Evidence suggests inside-out quenching related to molecular gas distribution.
Abstract
We present the first data release of the MaNGA-ARO Survey of CO Targets (MASCOT), an ESO Public Spectroscopic Survey conducted at the Arizona Radio Observatory (ARO). We measure the CO(1-0) line emission in a sample of 187 nearby galaxies selected from the Mapping Nearby Galaxies at Apache Point Observatory (MaNGA) survey that has obtained integral field unit (IFU) spectroscopy for a sample of ~ 10,000 galaxies at low redshift.
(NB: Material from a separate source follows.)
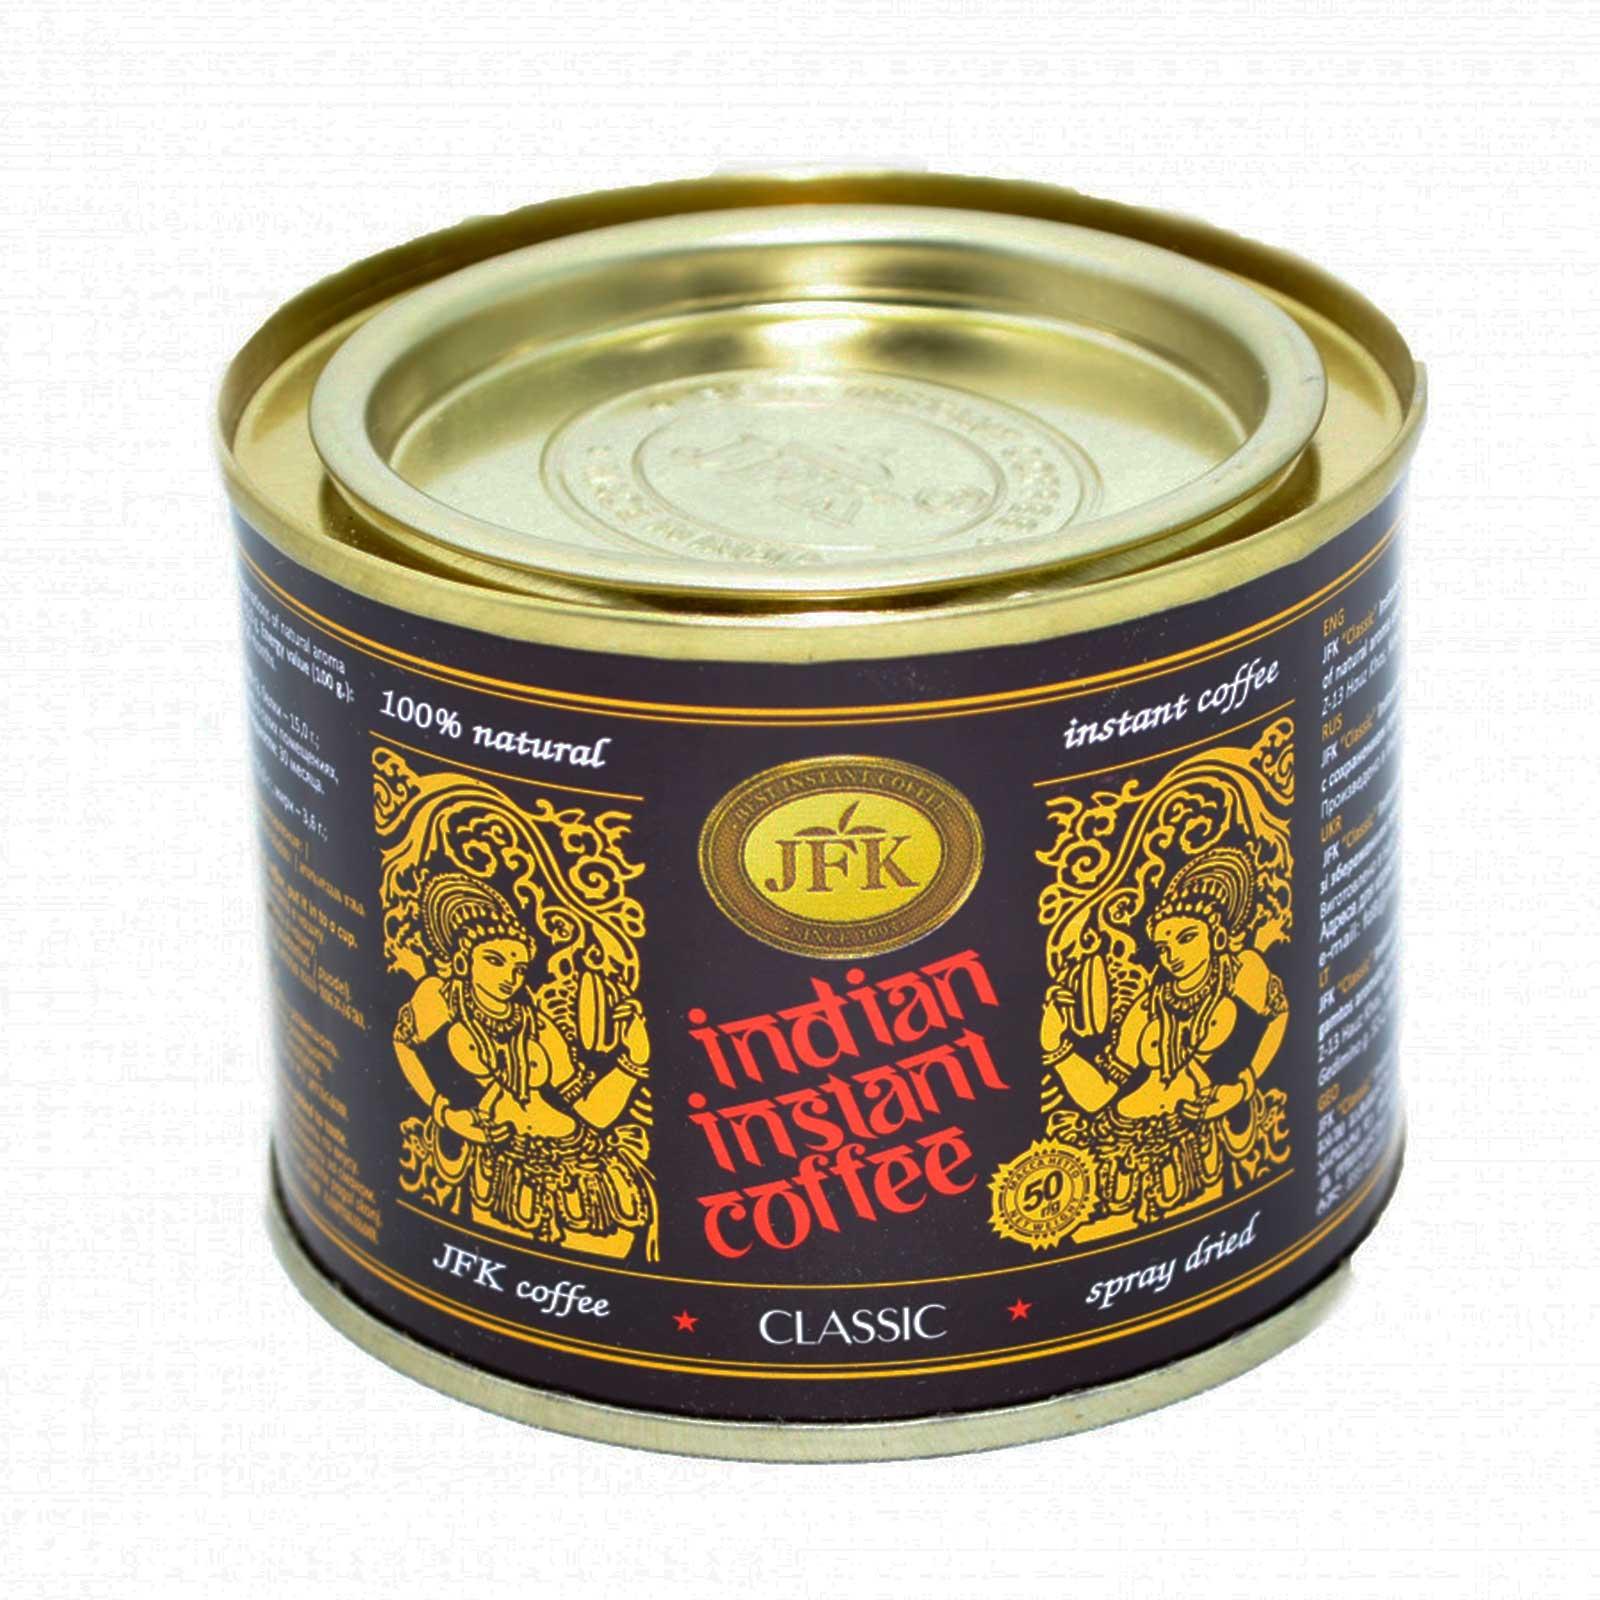 CLASSIC Indian Instant Coffee Powder, JFK (Кофе растворимый, порошкообразный, Инстант КЛАССИК ...

The main goal of MASCOT is to probe the molecular gas content of star-forming galaxies with stellar masses > 10^9.5 M_solar and with associated MaNGA IFU observations and well-constrained quantities like stellar masses, star formation rates and metallicities. In this paper we present the first results of the MASCOT survey, providing integrated CO(1-0) measurements that cover several effective radii of the galaxy and present CO luminosities, CO kinematics, and…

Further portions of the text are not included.